Benchmark output: make 7498.80s user 429.28s system 748% cpu 17:38.51 total

Building a Yocto OS on an aarch64 host

On a positive note, it was comparatively trivial to get Yocto spitting out SDKs for an aarch64 host. The only real adjustment I had to make was within our own software realm which assumed an intel host and an ARM target. It speaks volumes about the thoroughness and competence across the community that everything else largely worked out the box. (We also thankfully don’t use custom allocators like jemalloc and other pieces of code which were/are known to blow up with 16kb page sizes)

Disappointments

  • shitty window management; why does cmd+tabbing between apps take me back to the top level non fullscreen desktop, instead of to the app I just selected. 2 cmd+tab selections to move from fullscreen application A to fullscreen application B

Running iOS applications

When I purchased my first m1 device, I had bought into the idea that I could run iOS applications on my laptop. This appealed as I was expecting to be able to cut out all the fat web runtime crapware people ship out of convenience to themselves and no-one else. There are plenty of apps I would like to run the mobile version of:

  • spotify
  • slack
  • lastpass
  • tidal

there is no real point enumerating these things; this list is not complete. Let me be more direct, I have never searched for an App I wanted in the App Store and found it under iphone/ipad apps. Not a single solitary time. If you google this crus, people step you through grabbing application bundles off your phone and transferring them to your laptop. Hello, what, why the hell are the publishers allowed to dictate this crud. This is a clear case of publisher vs end user, and it appears the publishers have been empowered to be complete asshats on this front. I like Apple as they normally give off the impression of being pro-end user; not so much on this front.

Metal and only metal

This hardware is lovely; I consider it an affront that Metal is the only game in town.
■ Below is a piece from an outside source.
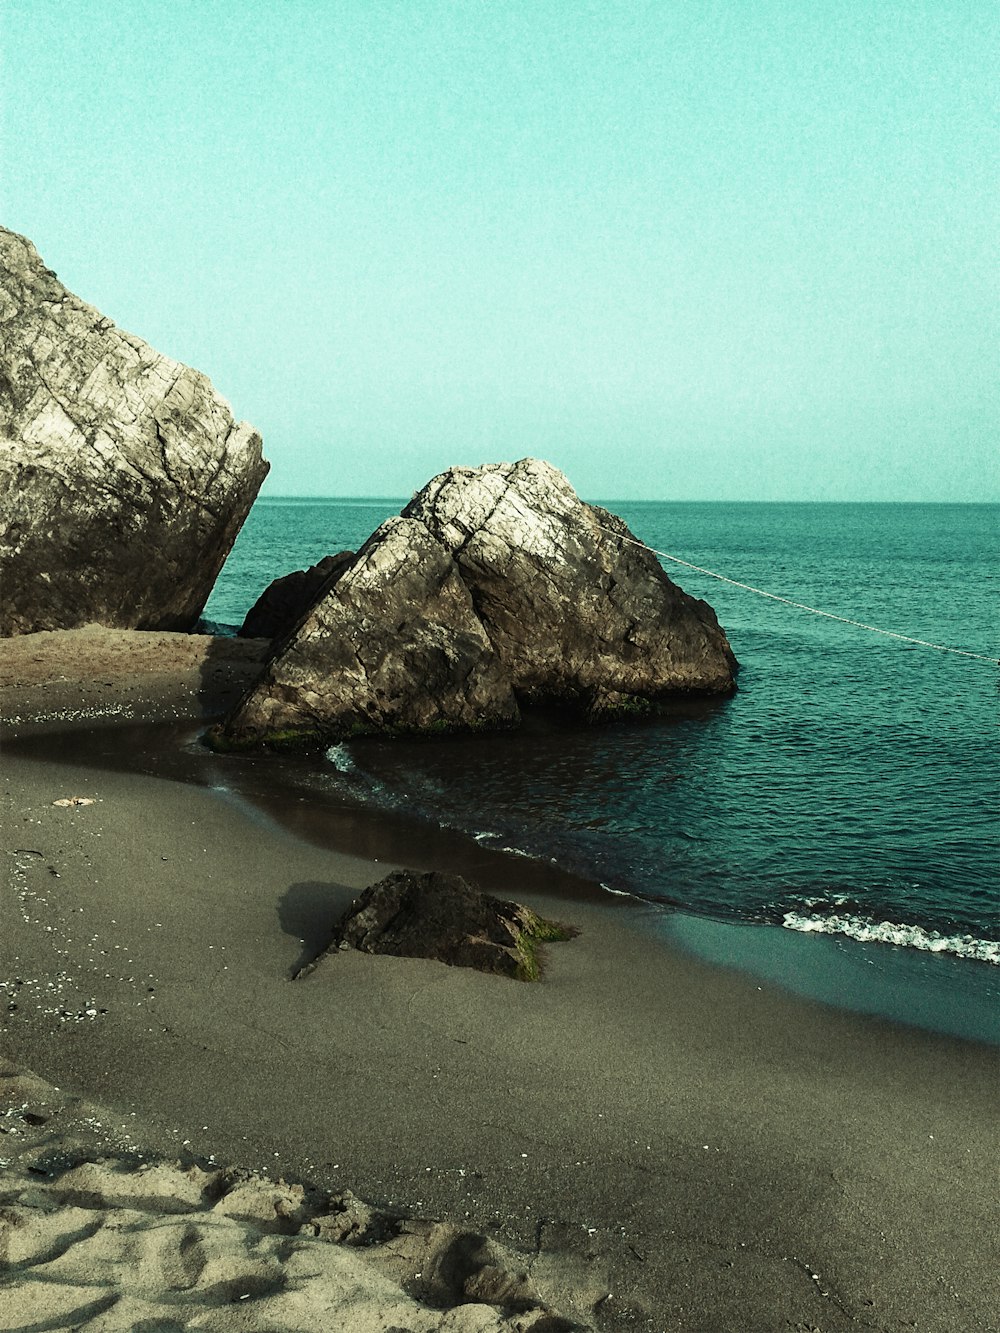 grey rock on seashore during daytime
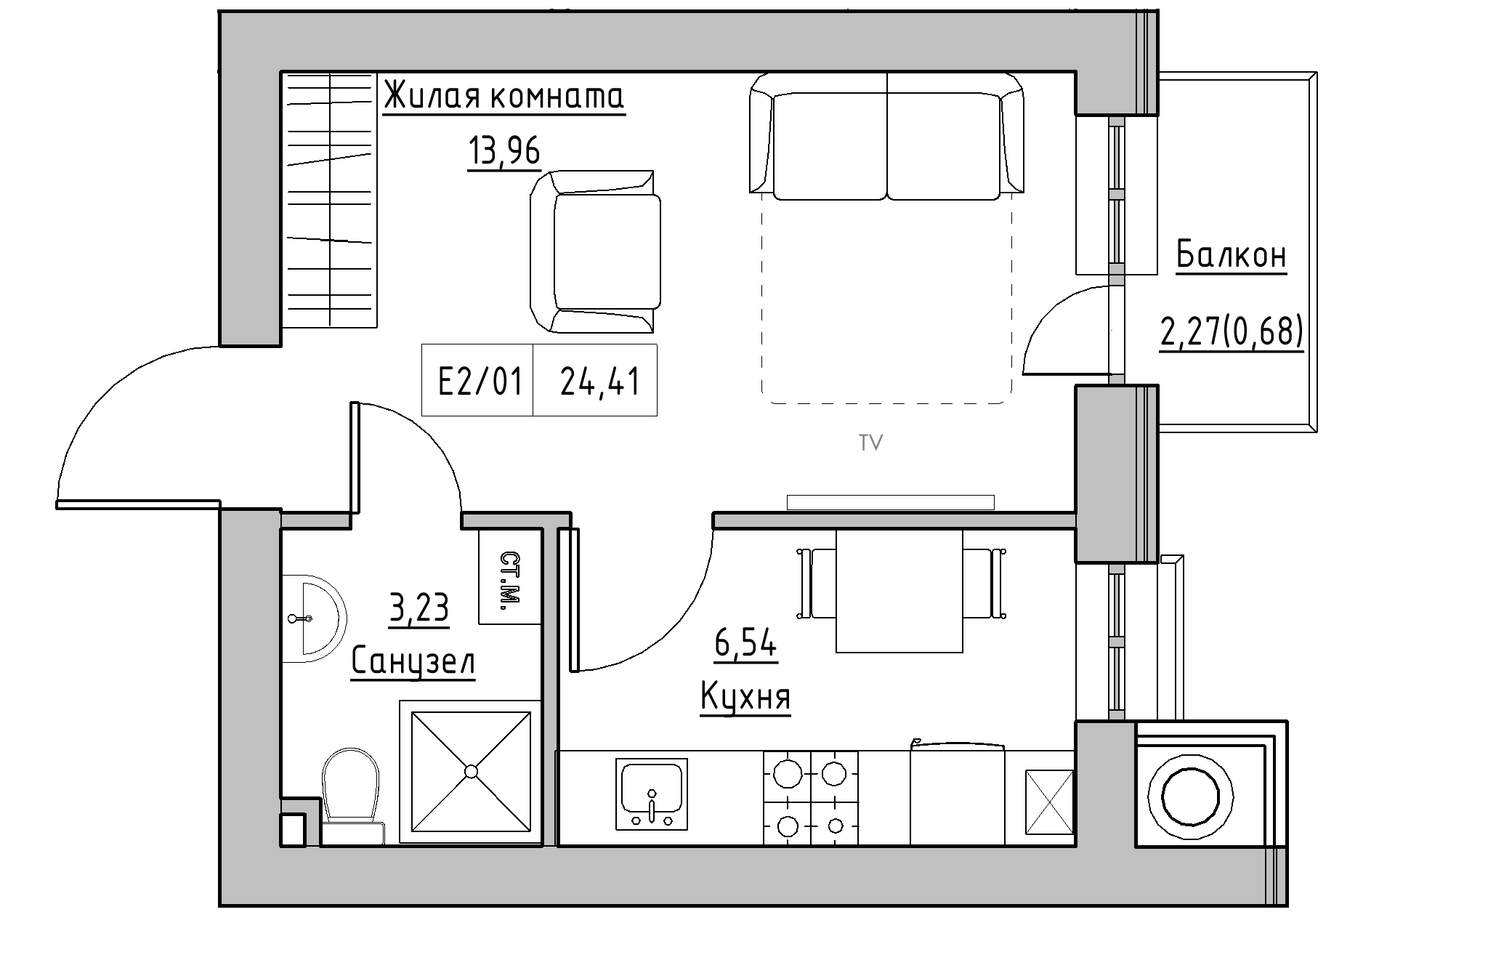 Планування 1-к квартира площею 24.41м2, KS-010-03/0009.

Ongoing Vulkan and opengl support would not bankrupt Apple and would feel less like vendor lock in.

Emulating AMD64 OSes

This one is probably largely on me, but I just want to make it crystal clear that if you do attempt to run a virtualized AMD64 OS, it will be as slow as mollases. If there is a fast path there, I have not seen it.